Case Study: Impact of Underinsurance on Fire Claim Settlement

Background:
In December 2021, one of our apartment clients reported a fire accident that occurred in the basement electrical board room. The estimated loss was approximately ₹75 lakhs. The apartment was insured under a Fire Insurance Policy with a sum insured of ₹100 crores.

Incident Summary:
Following the incident, a survey was conducted by the insurer to assess the damage. Based on the surveyor’s report, the insurer issued a settlement offer of ₹32 lakhs, which came as a surprise to the apartment association, as they had expected a settlement exceeding ₹60 lakhs.

Reason for Reduced Settlement:
The insurer clarified that although the apartment was insured for ₹100 crores, the actual reconstruction value of the property was ₹200 crores at the time of the claim.
This meant the property was underinsured by 50%, triggering the “Average Clause” in the policy — a standard condition in fire insurance.
As a result, only 50% of the assessed loss was payable, leading to a settlement of ₹32 lakhs instead of the full ₹60+ lakhs expected.

Key Learning:
Many apartment associations continue renewing their fire insurance based on outdated property values — often those fixed 8–10 years earlier — without factoring in inflation or appreciation in construction costs. In some cases, values are deliberately reduced to lower premium costs.
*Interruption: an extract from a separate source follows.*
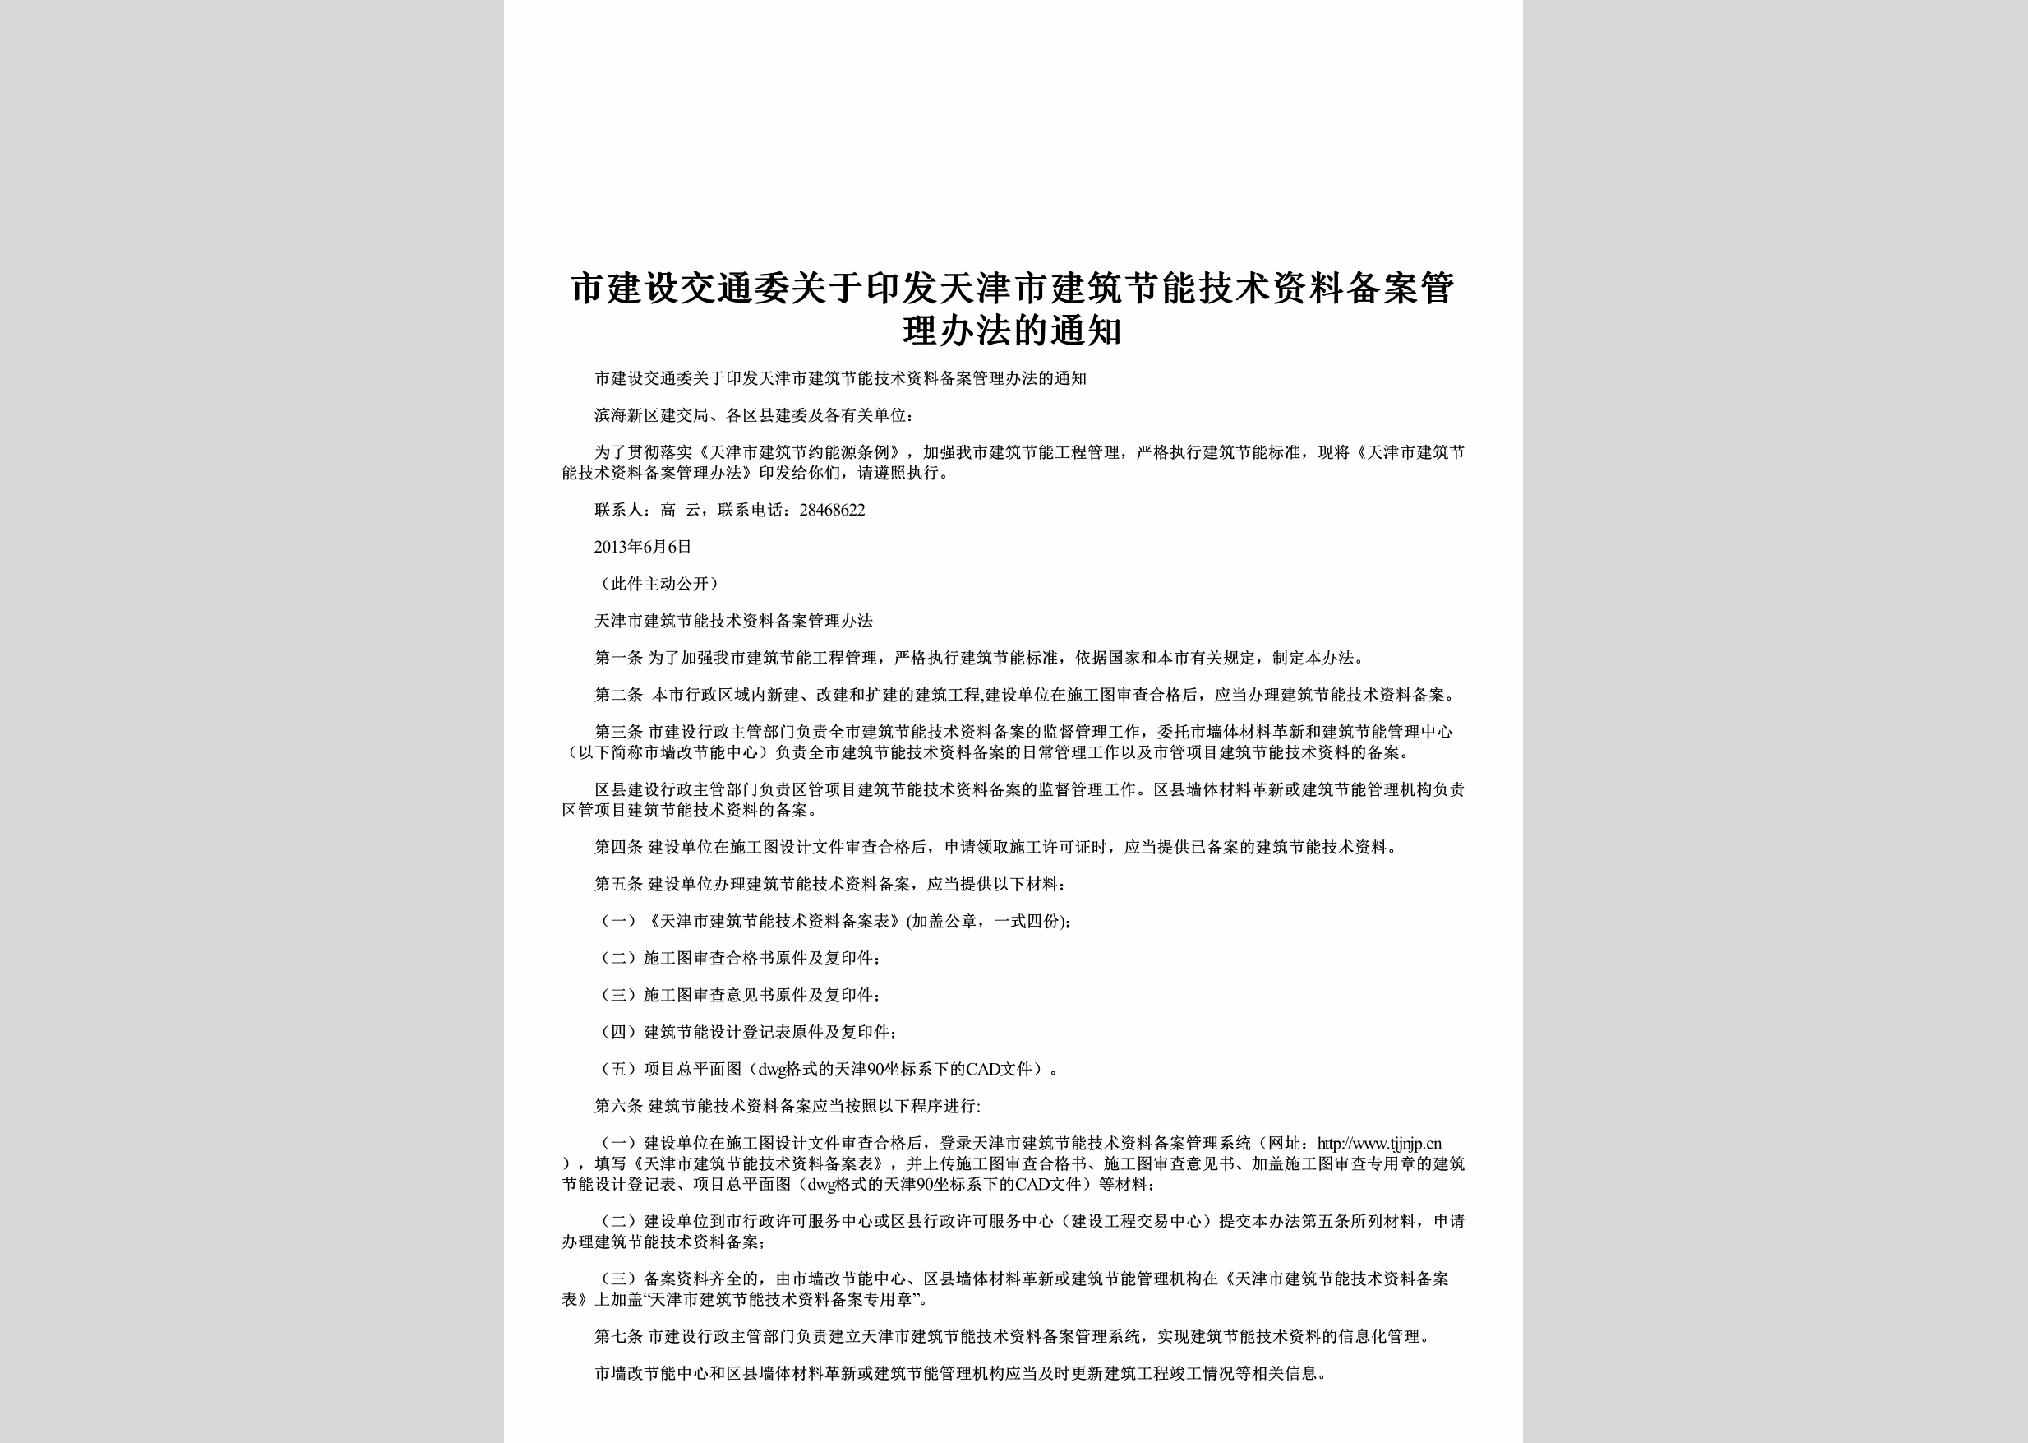 TJ-YYFTJSJZ-2013：于印发天津市建筑节能技术资料备案管理办法的通知

However, this practice leads to underinsurance, which significantly reduces claim payouts during loss situations.

Conclusion:
It is crucial to review and update the sum insured annually to reflect the current reinstatement (reconstruction) value of the property.
Proper valuation ensures adequate protection, prevents disputes during claim settlement, and helps associations recover their losses fully and fairly.